**WHAT THE EXERCISE ASKS**:
Would you retype the whole listing verbatim, keeping pictures out of it?

Start of COLLECTED DATA

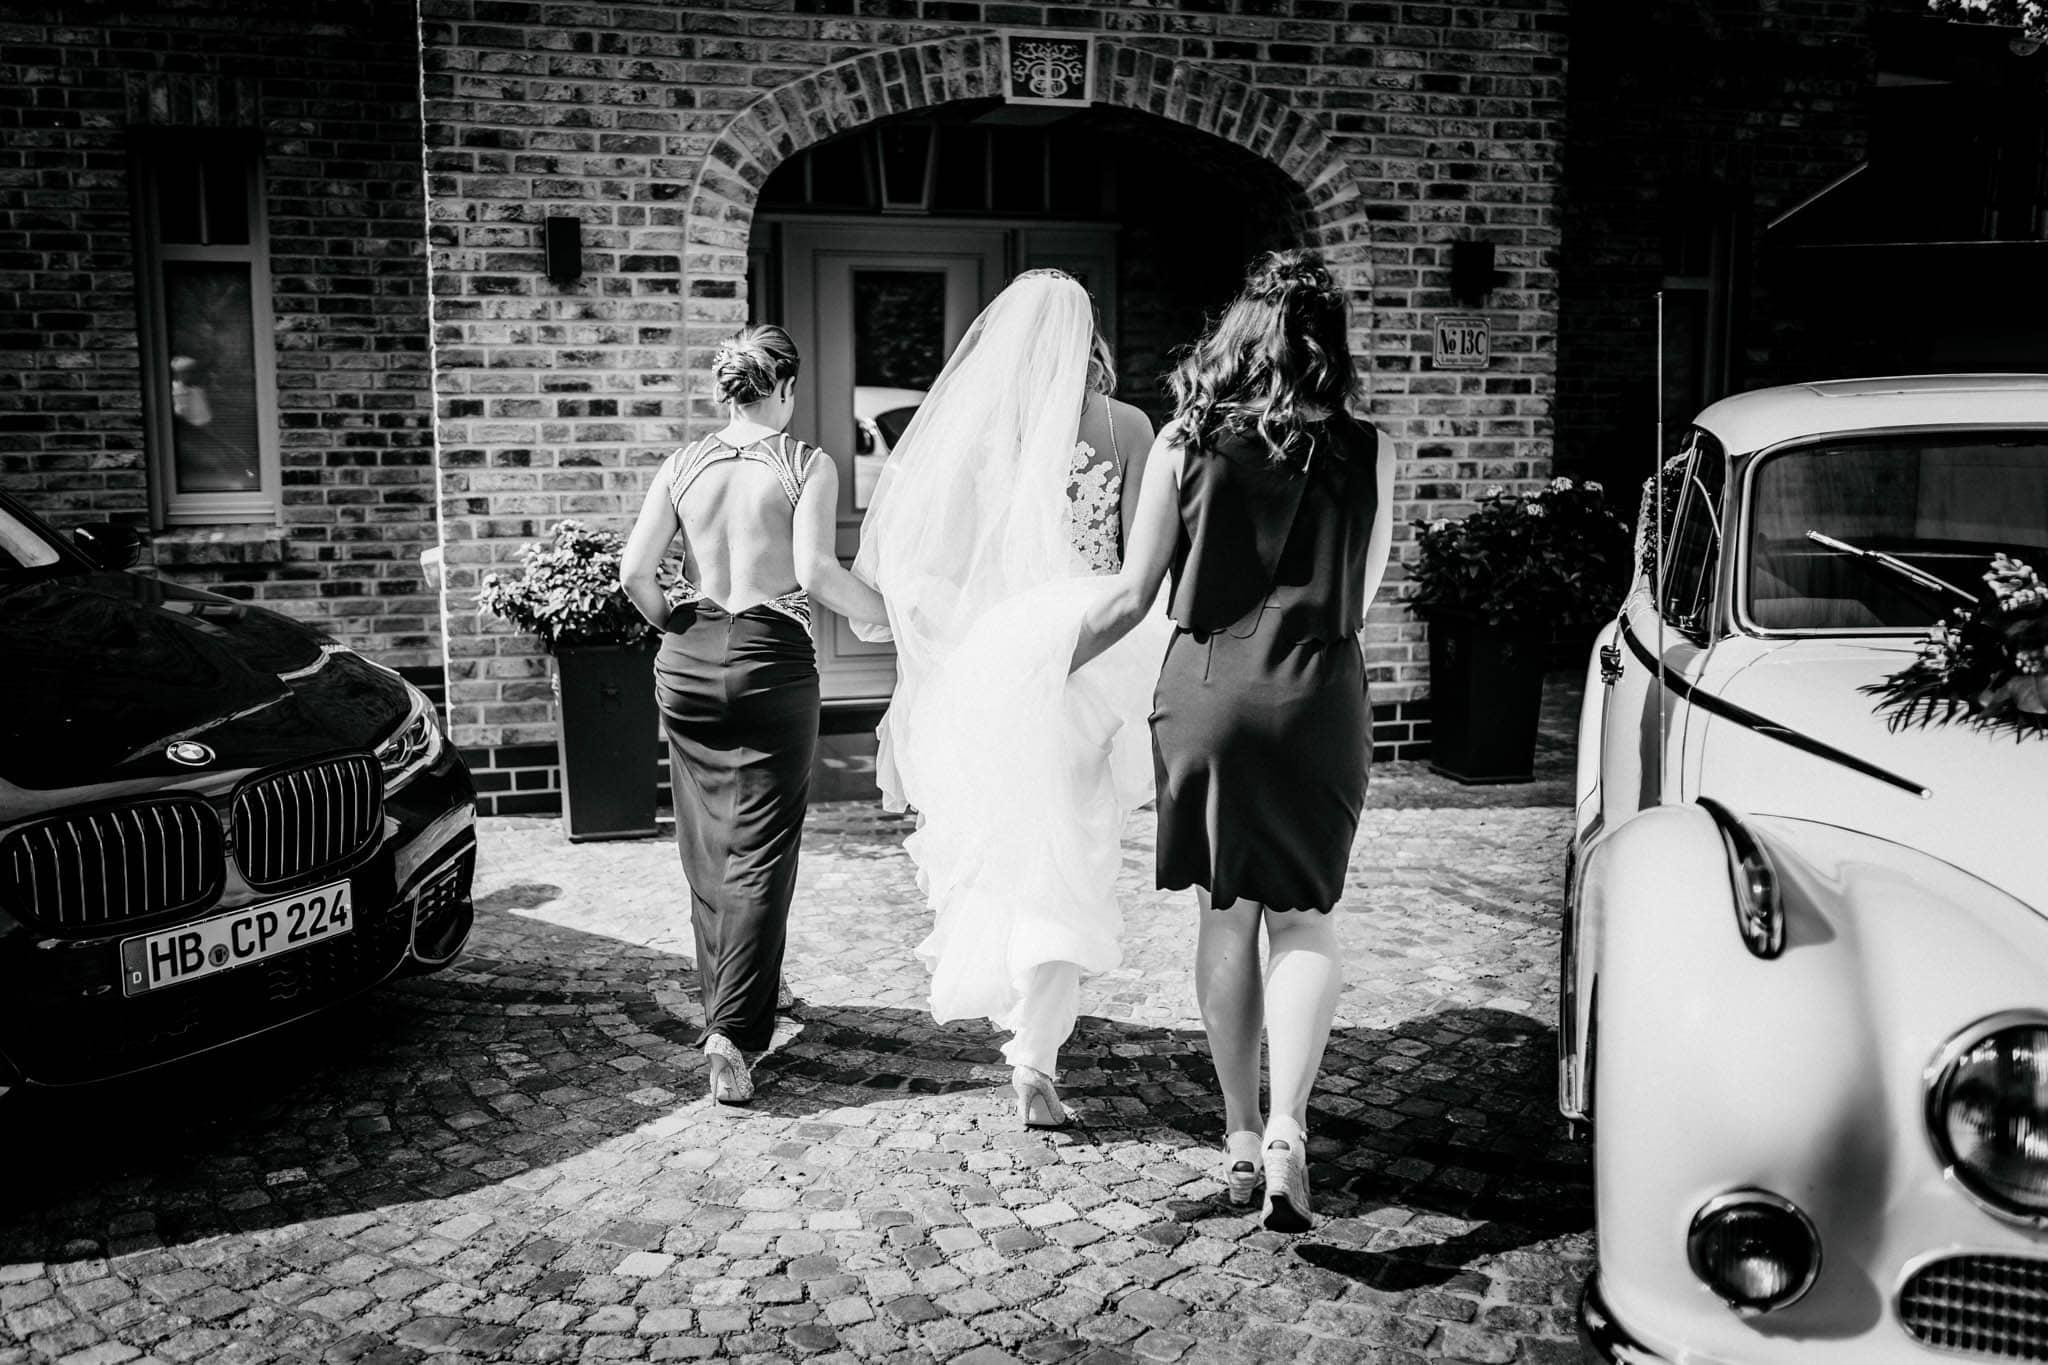 Hochzeitsfieber by Photo-Schomburg, Hochzeitsfotograf, Hamburg, Bremen, Hochzeitstag, Hochzeitspaar, Braut, Bräutigam, Bremen-Kränholm,Knoops Park-60
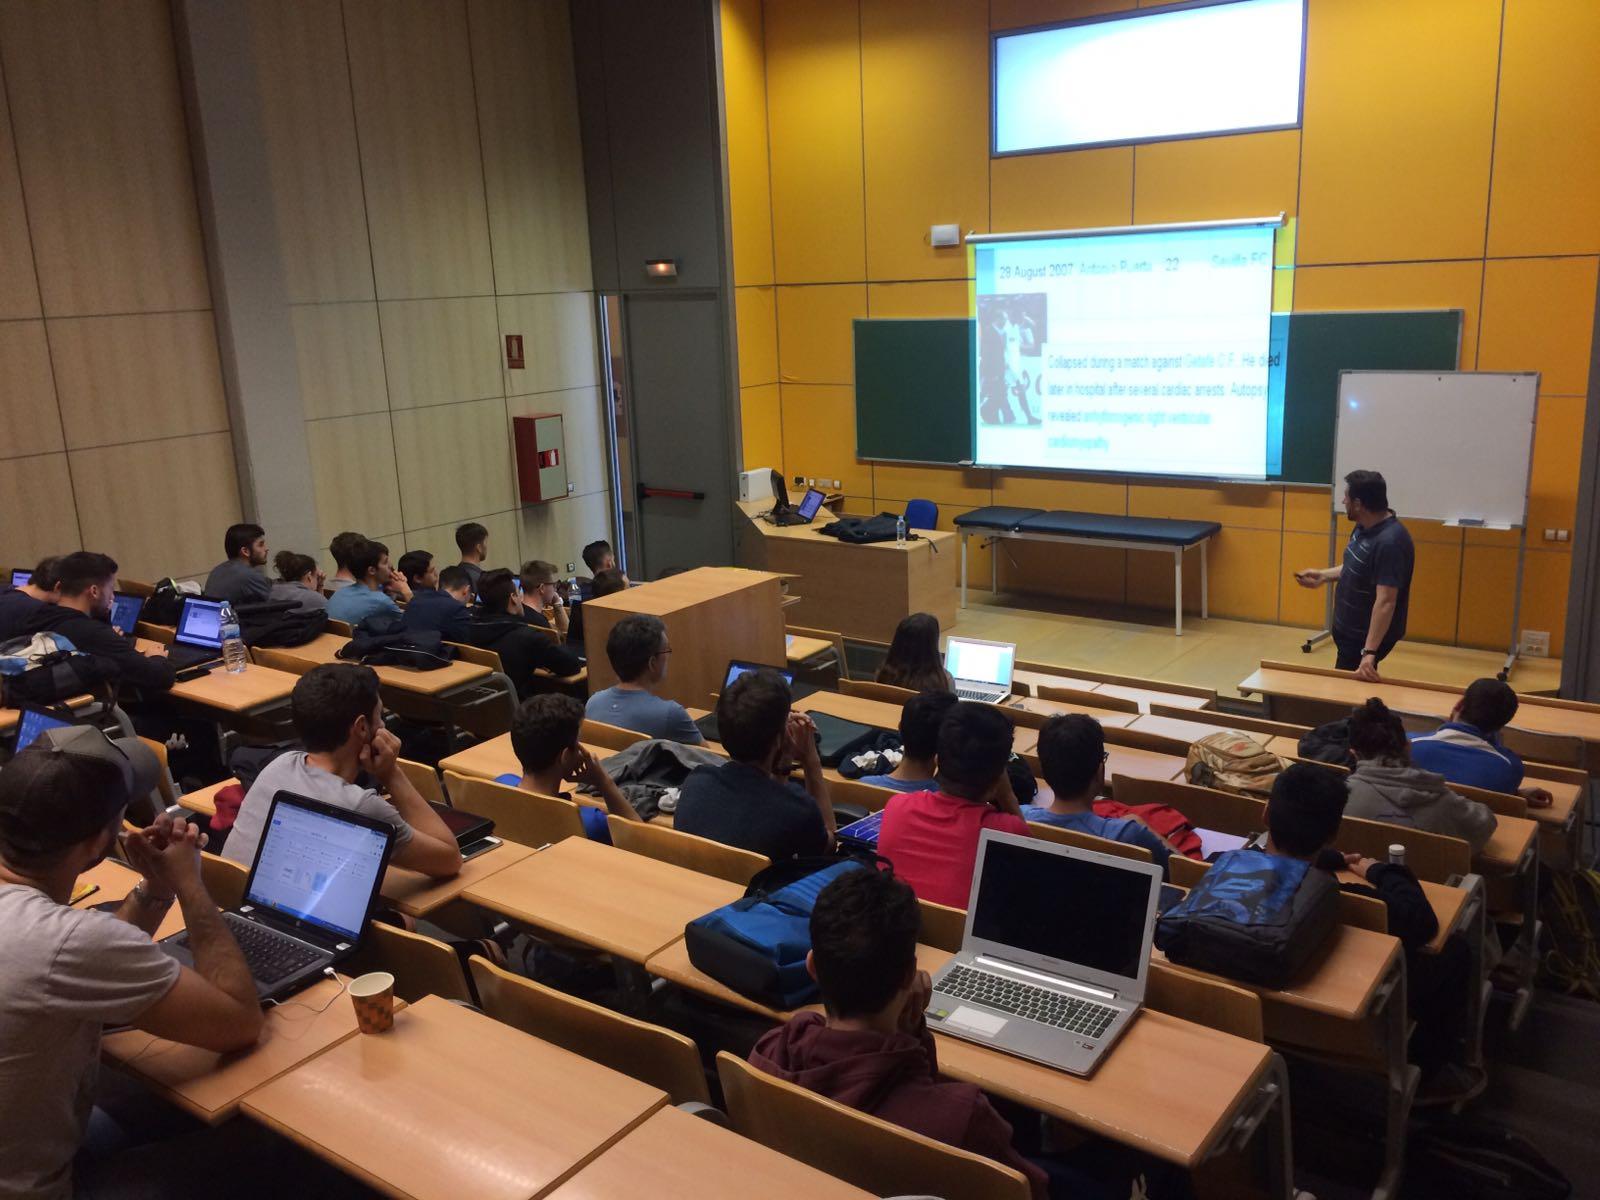 EUSES-UdG i la Càtedra d'Esport i Educació Física-Centre d'Estudis Olímpics de la UdG organitzen dos cursos d'estiu d'educació física
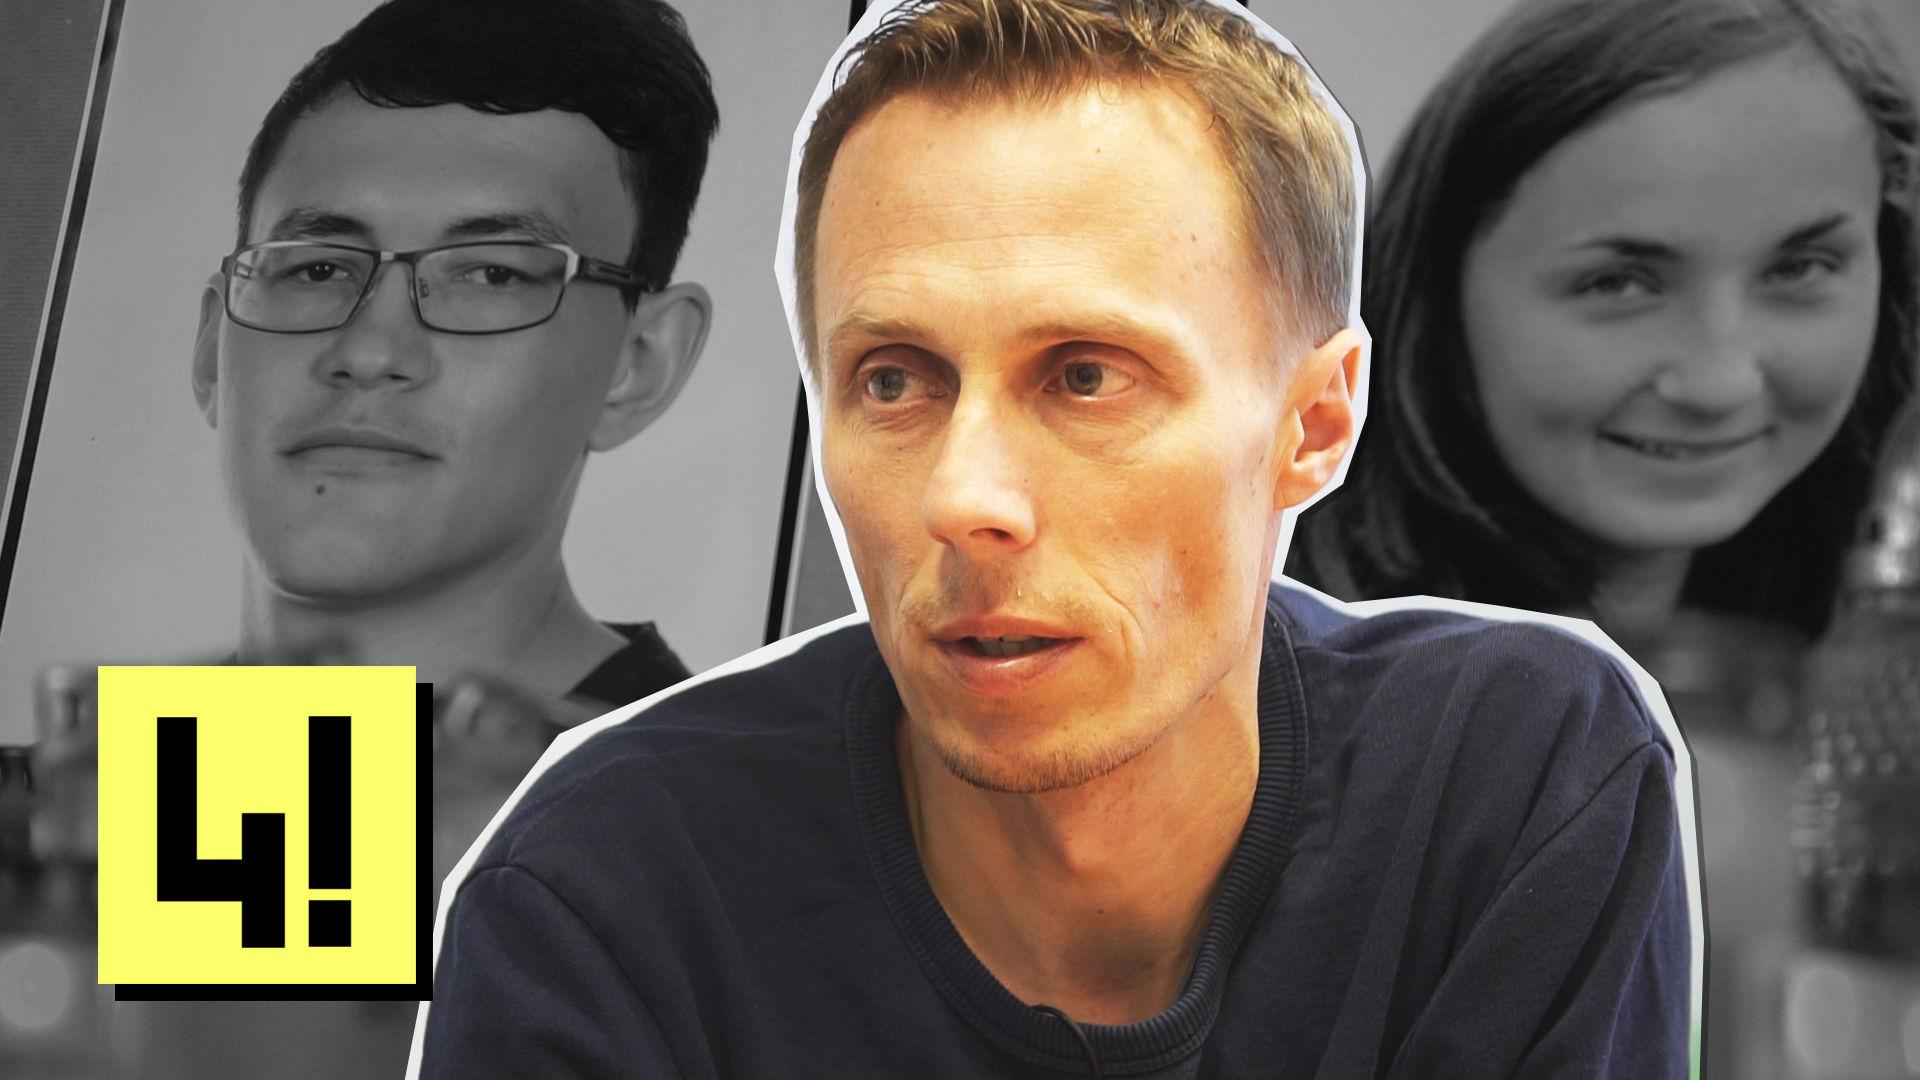 Azt várták, mindent borít a szlovák újságíró cikke, nem azt, hogy megölik miatta
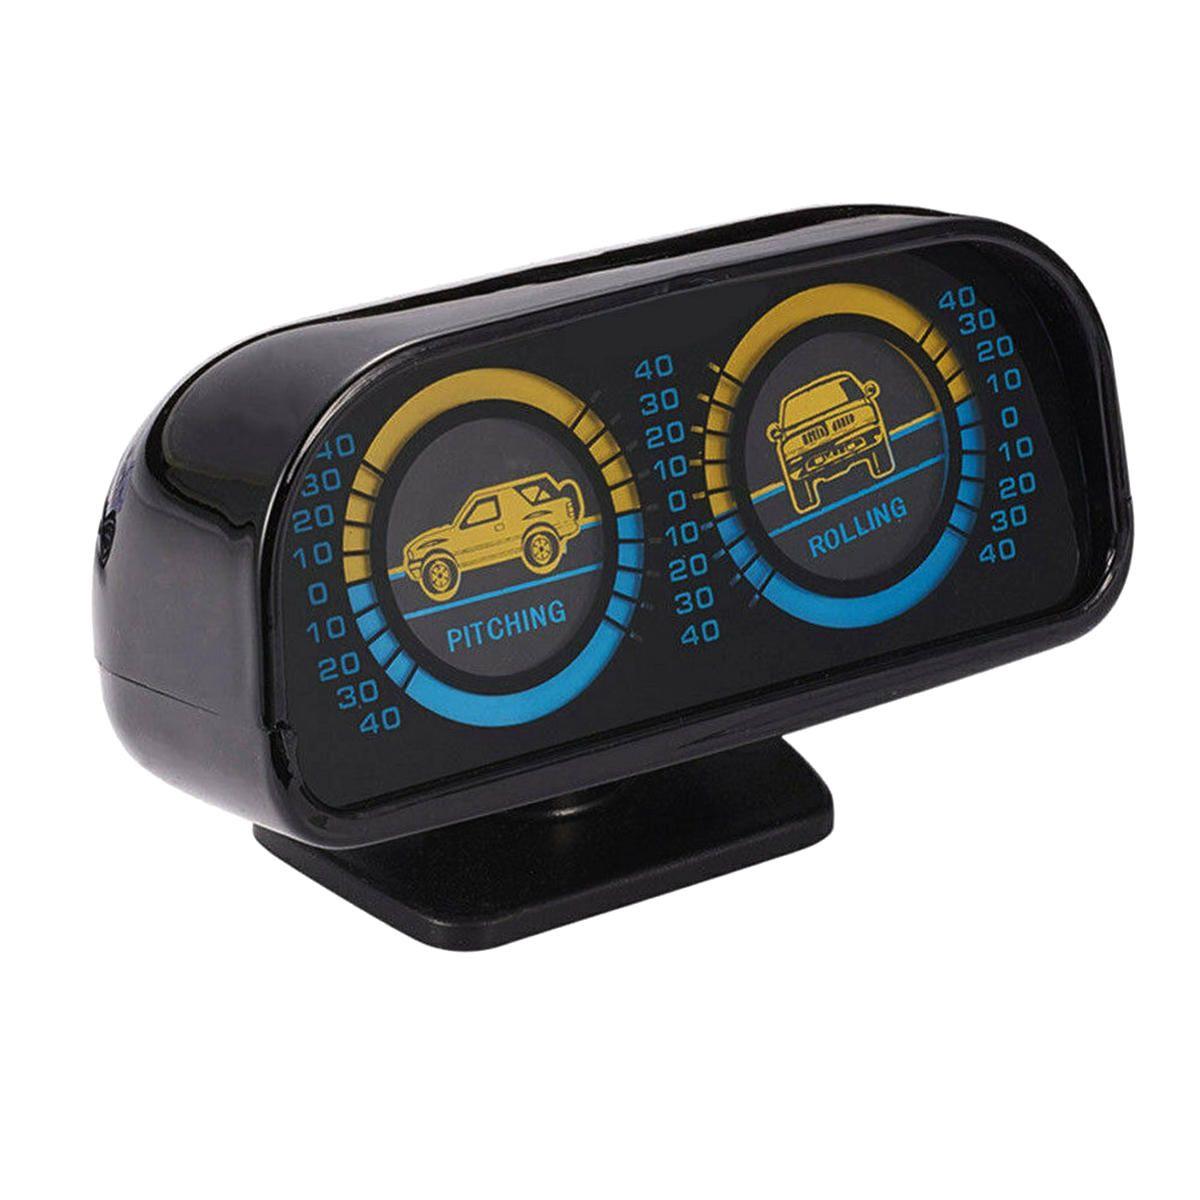 12V Two barreled Backlight Slope Meter Inclinometer Compass Balance Level Balancer for Car Off road

End of COLLECTED DATA

**ANSWER TO THIS EXERCISE**:
 Hochzeitsfieber by Photo-Schomburg, Hochzeitsfotograf, Hamburg, Bremen, Hochzeitstag, Hochzeitspaar, Braut, Bräutigam, Bremen-Kränholm,Knoops Park-60
 EUSES-UdG i la Càtedra d'Esport i Educació Física-Centre d'Estudis Olímpics de la UdG organitzen dos cursos d'estiu d'educació física
 Azt várták, mindent borít a szlovák újságíró cikke, nem azt, hogy megölik miatta
 12V Two barreled Backlight Slope Meter Inclinometer Compass Balance Level Balancer for Car Off road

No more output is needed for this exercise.